Nothing but a verbatim copy of the data, minus the images, should be returned.

- _Data excerpt_:
* * * * *
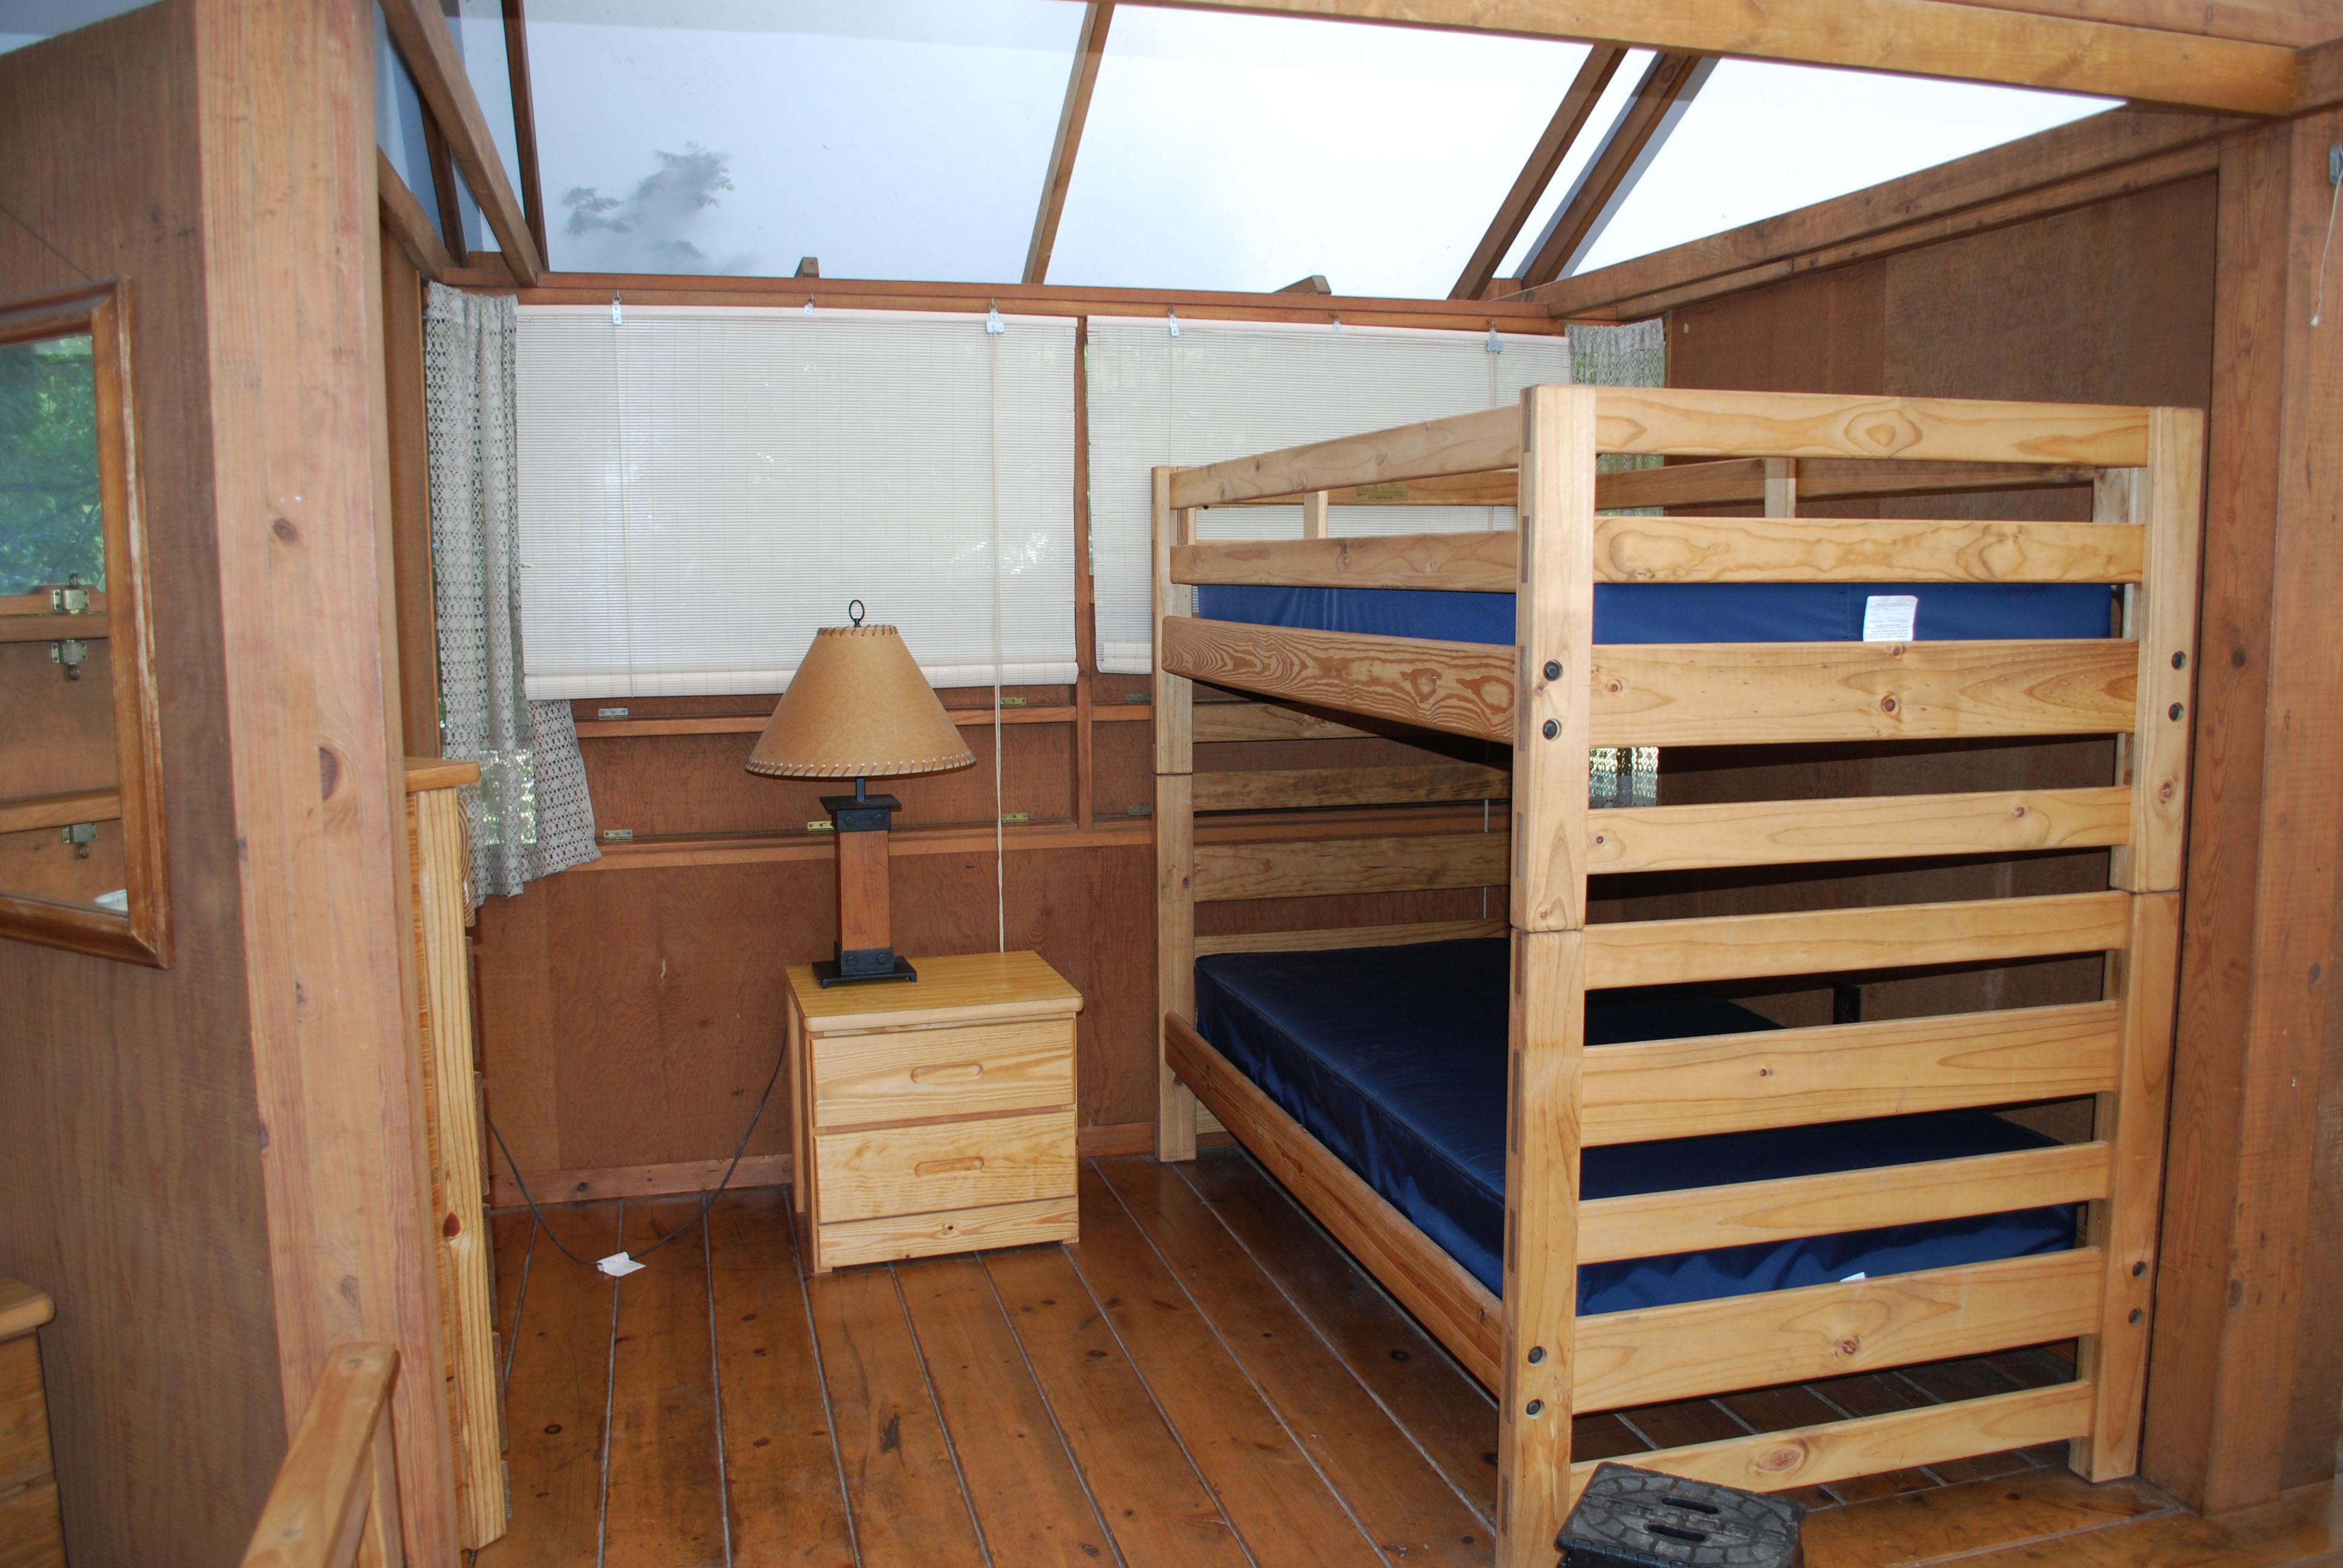 Cabent interior with bunkbeds
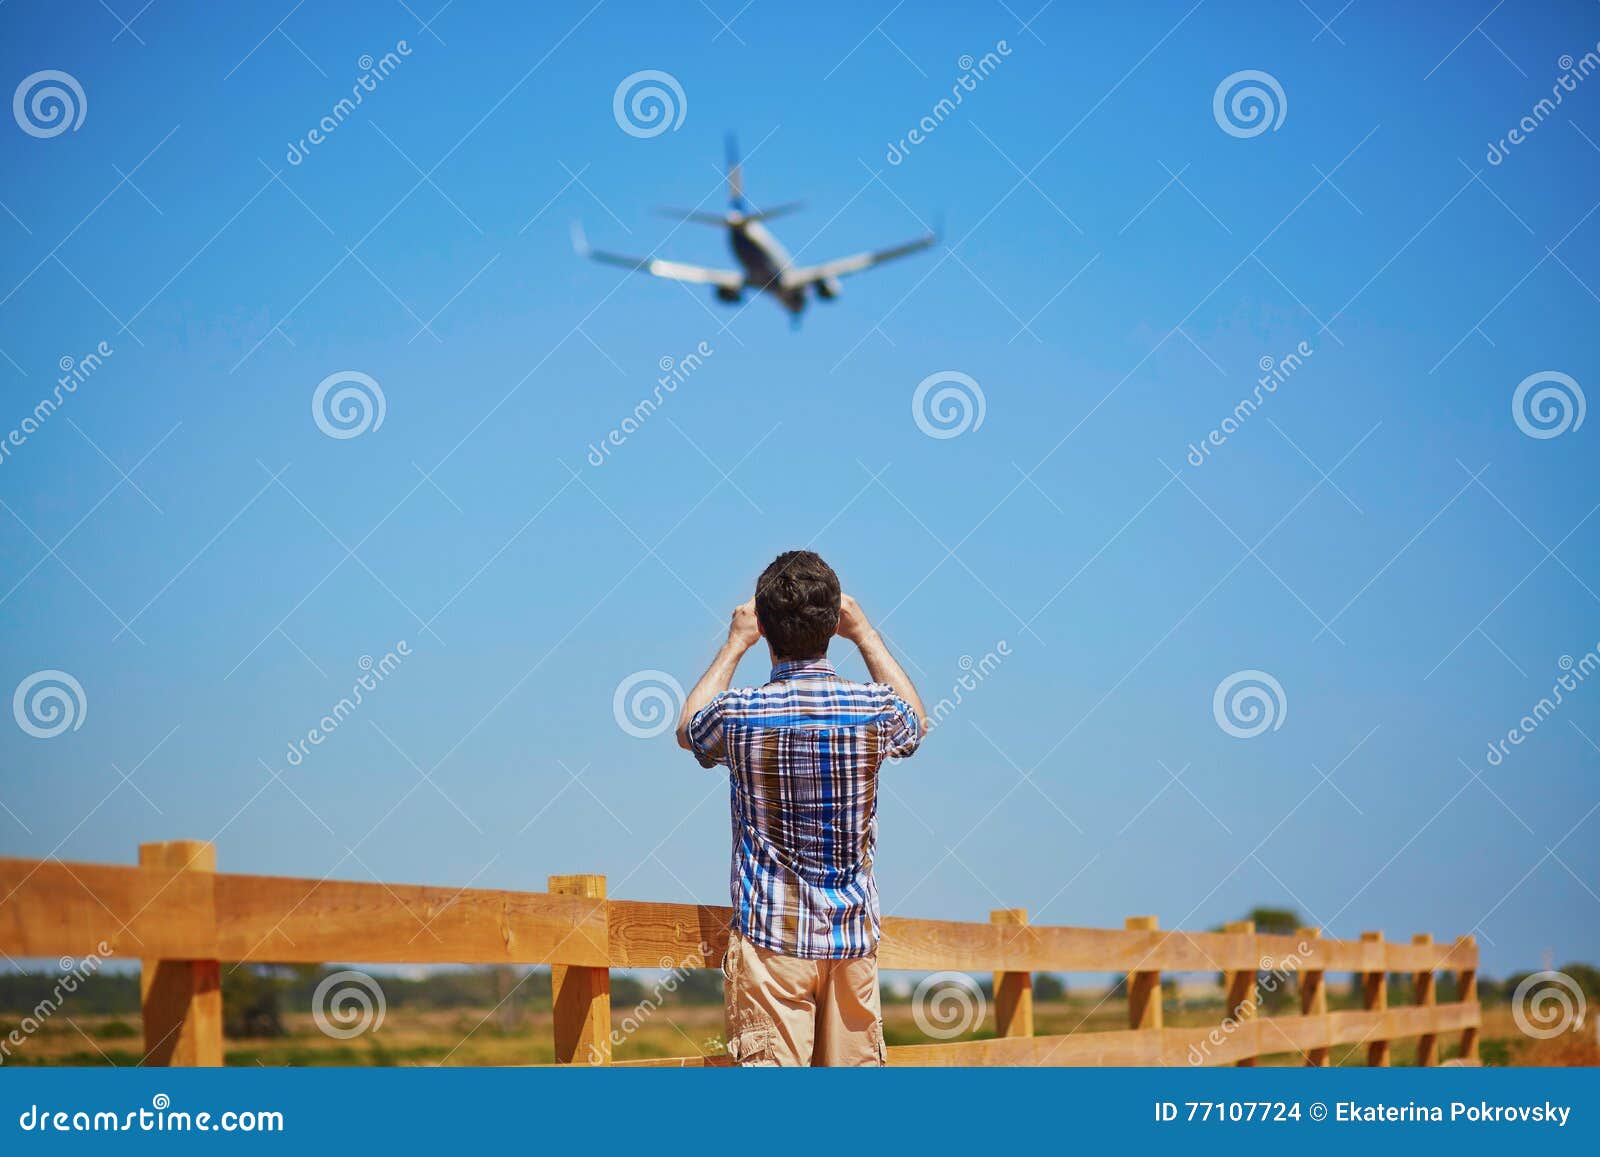 man is looking at the glide path and landing plane
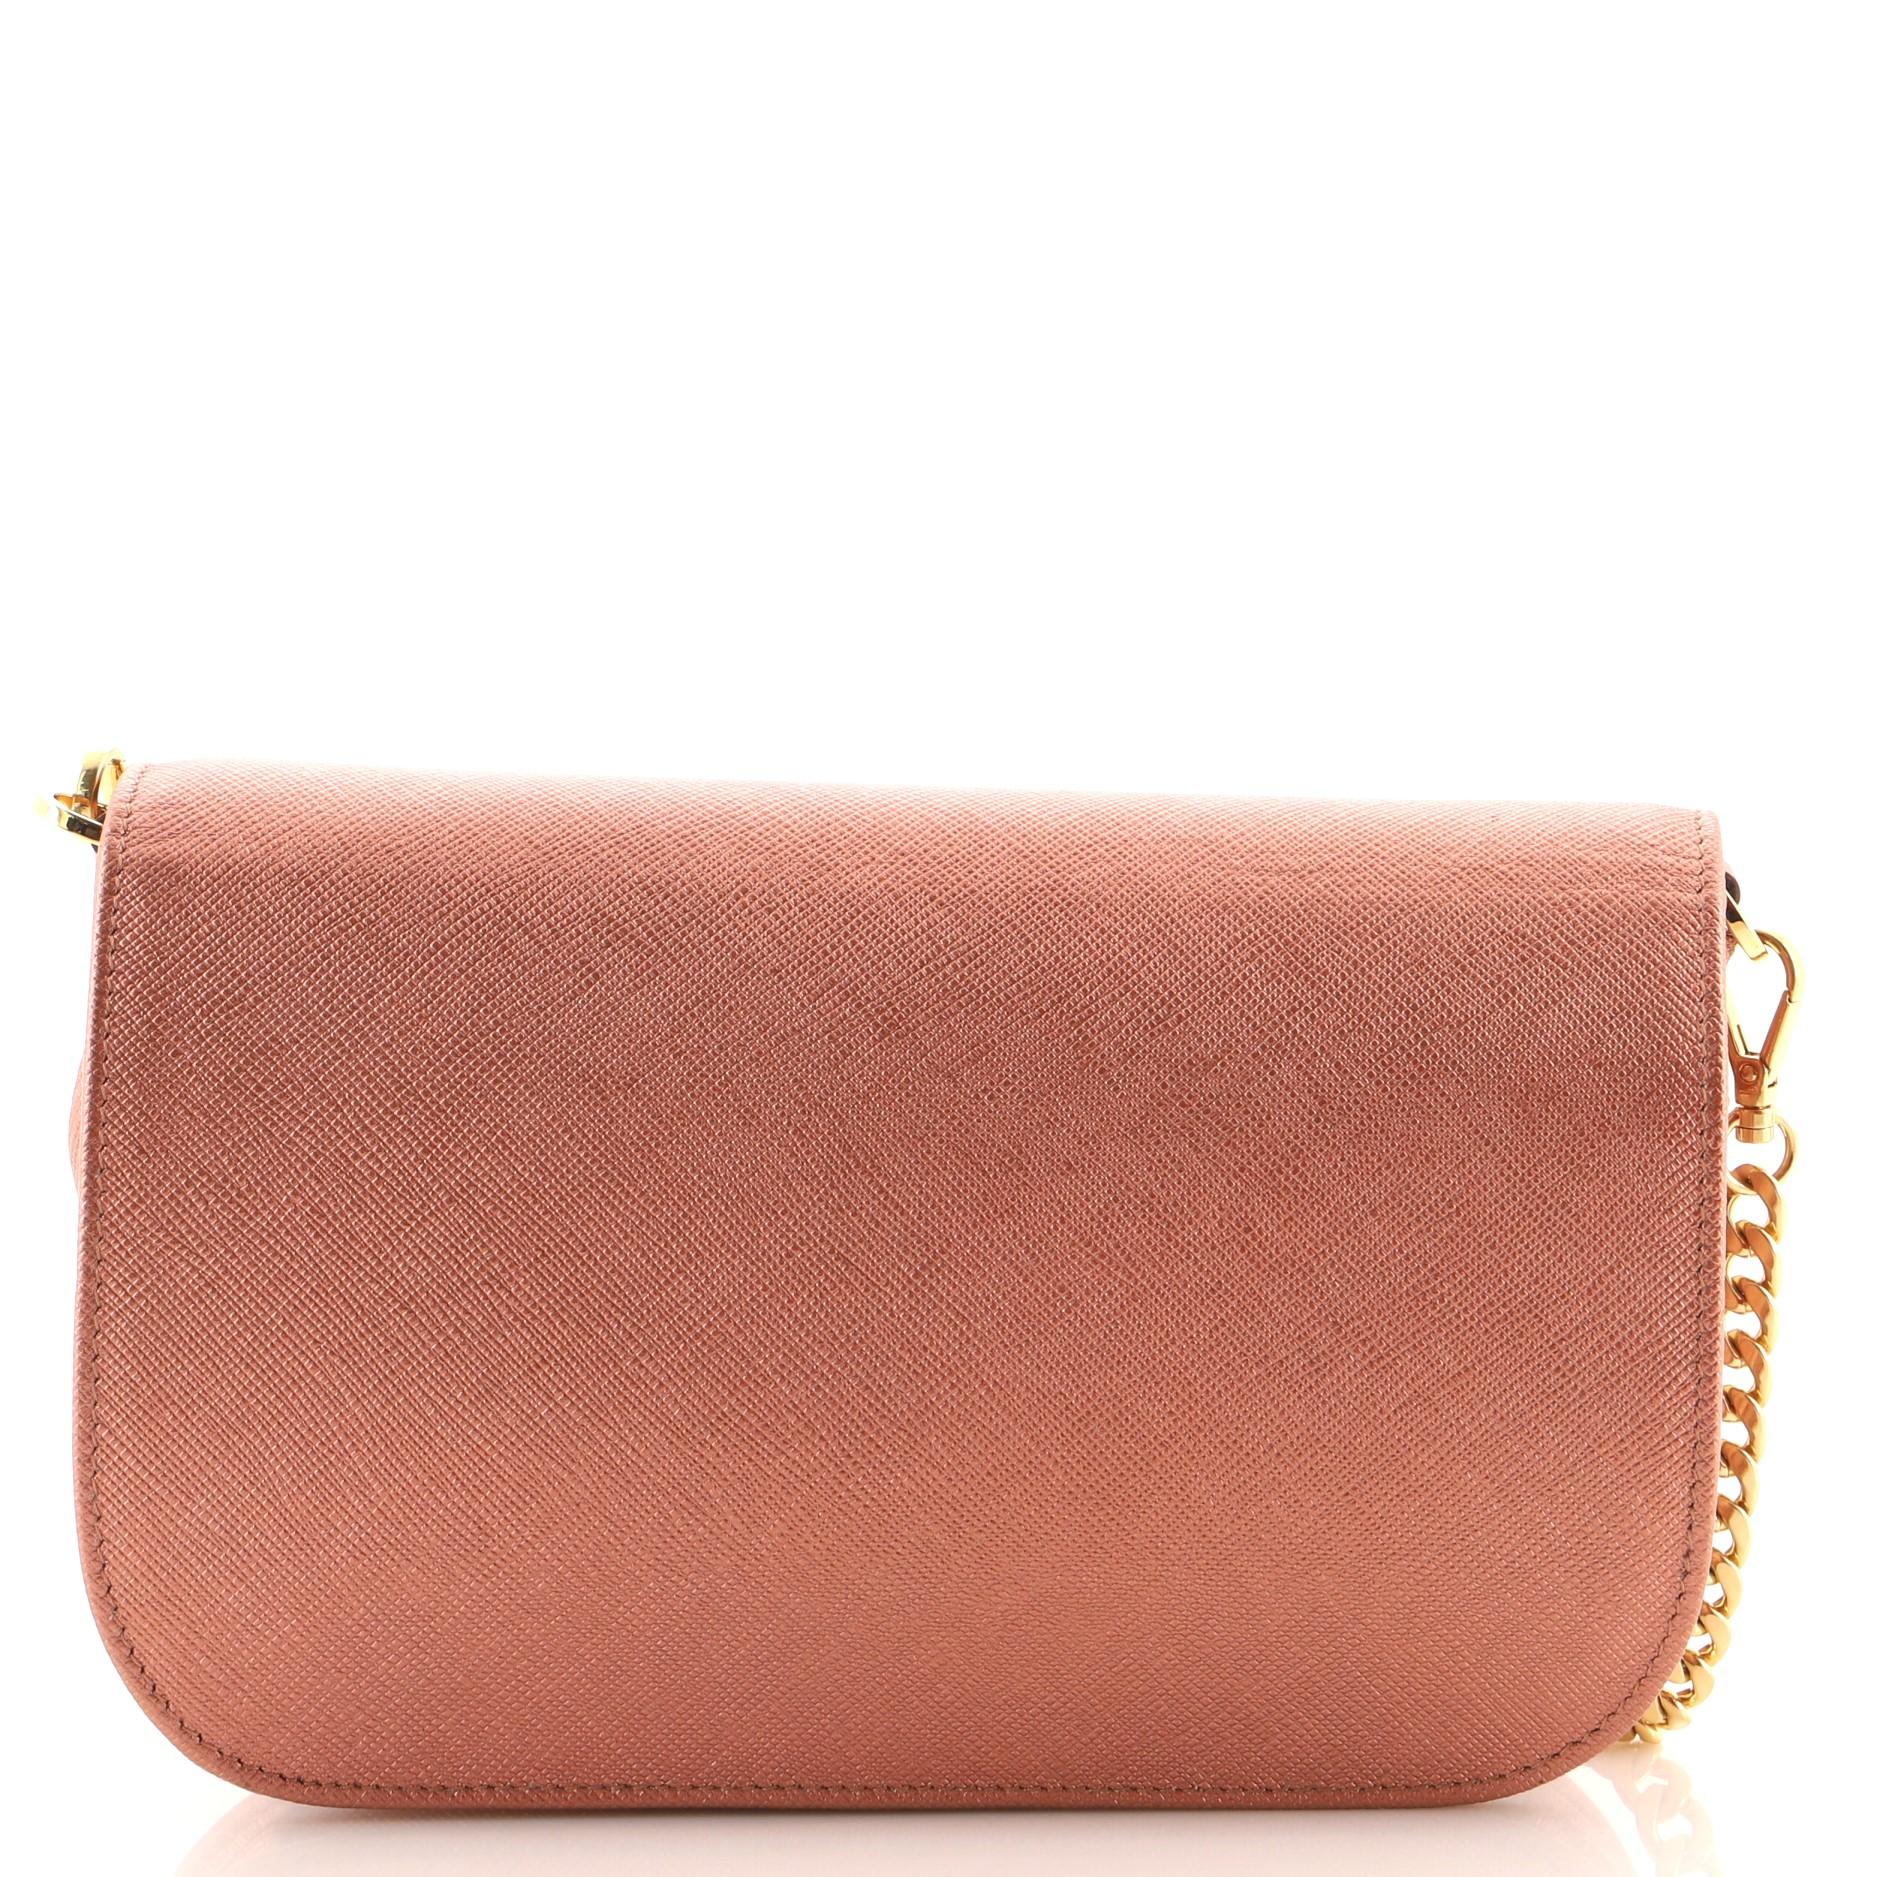 saffiano clutch with flap
* * * * *
- _Solved problem_:
 Cabent interior with bunkbeds
 man is looking at the glide path and landing plane
 saffiano clutch with flap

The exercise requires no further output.